The expedition is funded by the National Oceanic and Atmospheric Administration's (NOAA) Office of Ocean Exploration, which was created to investigate the oceans for the purpose of discovery and the advancement of knowledge. NOAA is an agency of the U.S. Department of Commerce.
Deep Scope will take place aboard Harbor Branch's Seward Johnson II research vessel and the Johnson-Sea-Link I submersible, which is capable of diving to 3,000 feet.

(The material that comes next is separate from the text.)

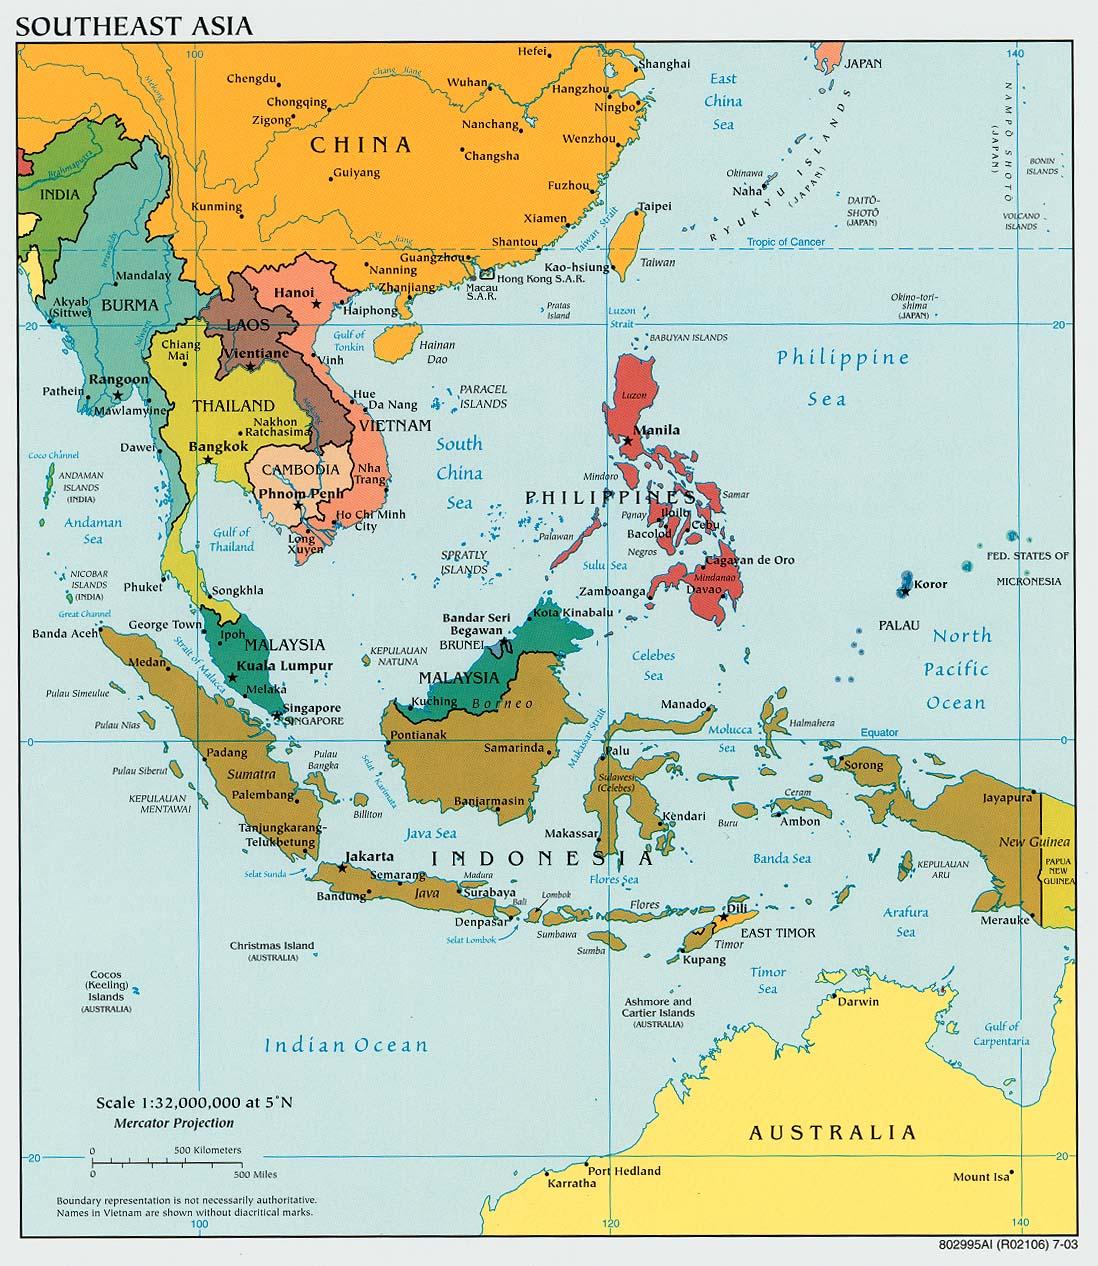 ASEAN region

Besides Harbor Branch scientists, the expedition will include researchers from Duke University; the University of Queensland, Australia; the Whitney Lab of the University of Florida; the University of Ulm, Germany; and Physical Science, Inc., in Andover, Mass.
"This is the first time we've ever been able to assemble a team like this, with such a range of tools," says Dr. Edith Widder, expedition co-leader and head of Harbor Branch's Biophotonics Center, "Some of these areas have never been explored before and for many of the scientists, this expedition is a dream come true."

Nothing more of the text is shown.